It’s unclear whether Washington Mutual Inc. or its stockholders scored a victory yesterday when a bankruptcy judge in Tacoma, Washington, sent back to Delaware a dispute over whether WaMu should convene a shareholders’ meeting.
The saga began in April when U.S. Bankruptcy Judge Mary F. Walrath in Delaware allowed shareholders of the bank holding company to file suit to compel holding a meeting. The shareholders oppose WaMu’s Chapter 11 plan and the global settlement it includes. Presumably, they would elect a new slate of directors who could abandon the plan and settlement.
Allowing a move toward a shareholders’ meeting is unusual in bankruptcy cases. Judges often deny similar efforts for fear new managers will disrupt an advanced reorganization.

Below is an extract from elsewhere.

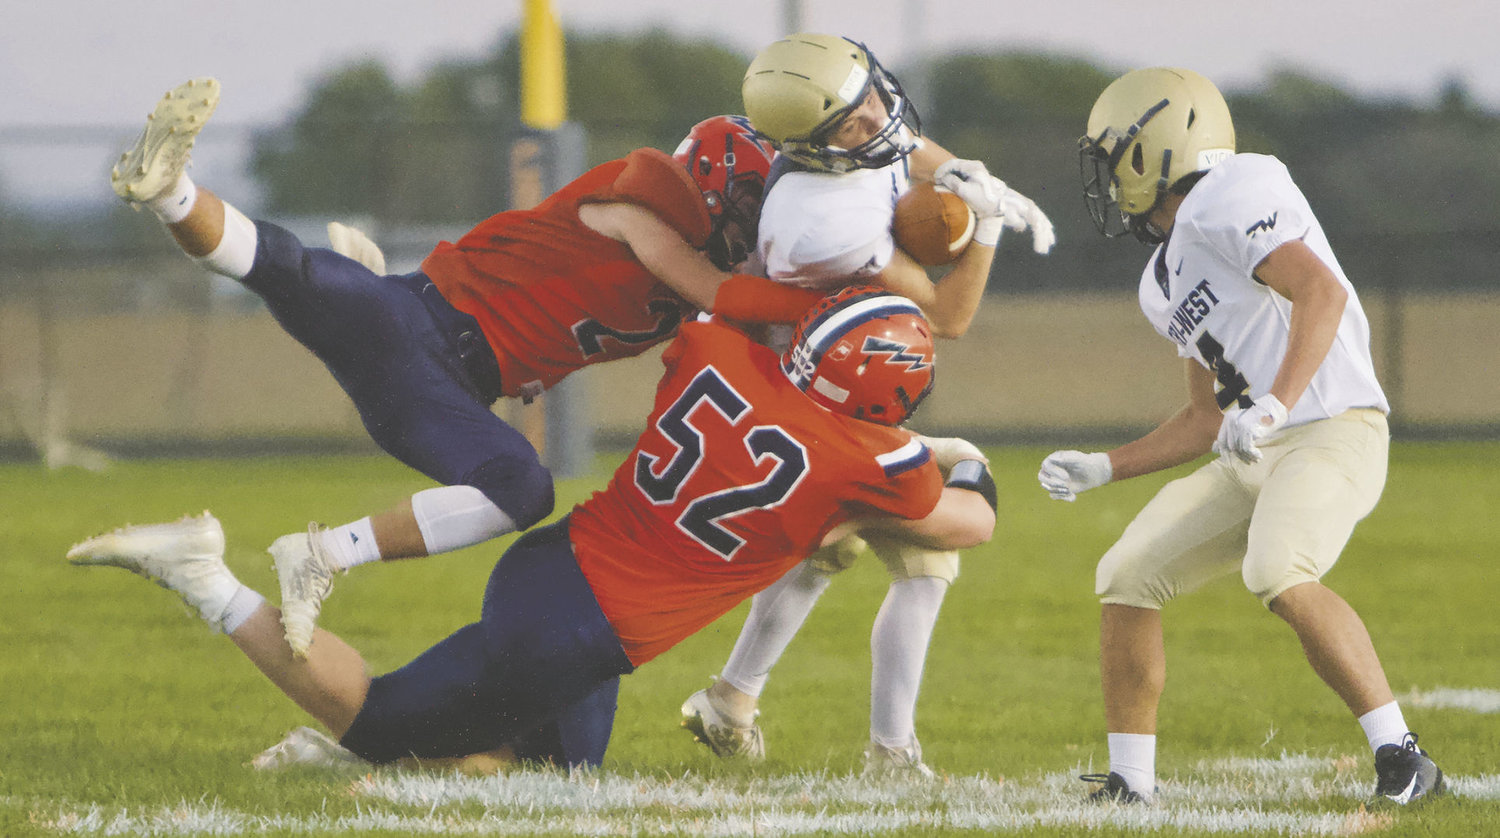 North Montgomery's Kai Warren and Drew Webster topple a Tri-West ball carrier.
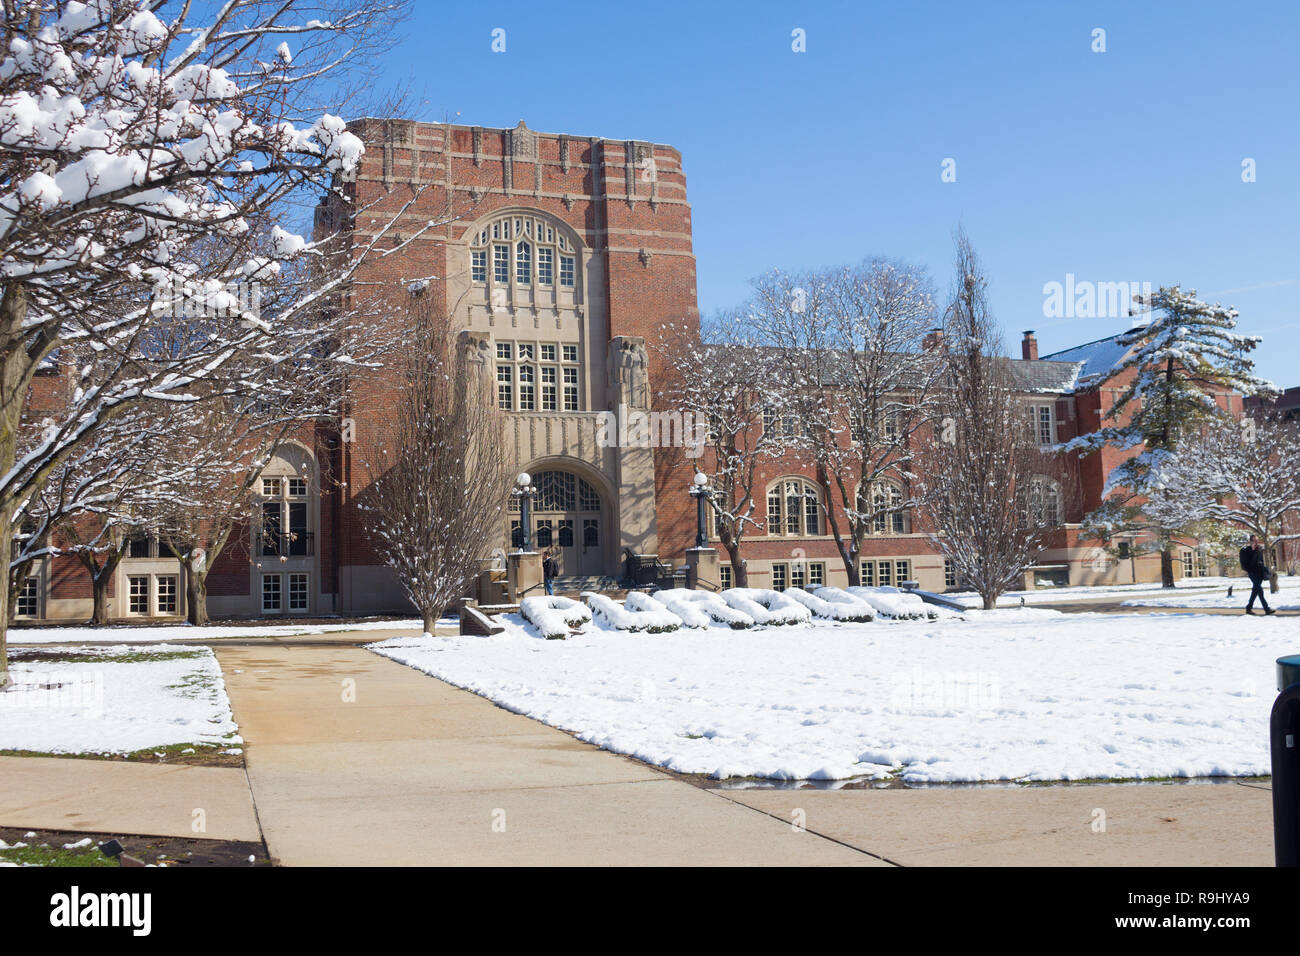 Purdue Memorial Union with snow, Purdue University, West Lafayette, Indiana, United States Stock Photo

With Walrath’s permission, shareholders sued in Washington state court to compel the meeting. WaMu responded by having the suit removed to U.S. district court in Washington where the case was then referred to a bankruptcy judge.
In a courtroom ruling yesterday, the Washington bankruptcy judge granted WaMu’s motion and transferred the case to Walrath, court records show.
Significantly, the Washington judge did not decide a motion the shareholders made to remand the case to the Washington state court. With the remand motion undecided, Walrath conceivably could send the dispute back to state court on the theory that it’s governed by state law. Or, WaMu could ask Walrath to put the suit on hold because she’s close to approving a disclosure statement and allowing creditors to vote on the reorganization plan.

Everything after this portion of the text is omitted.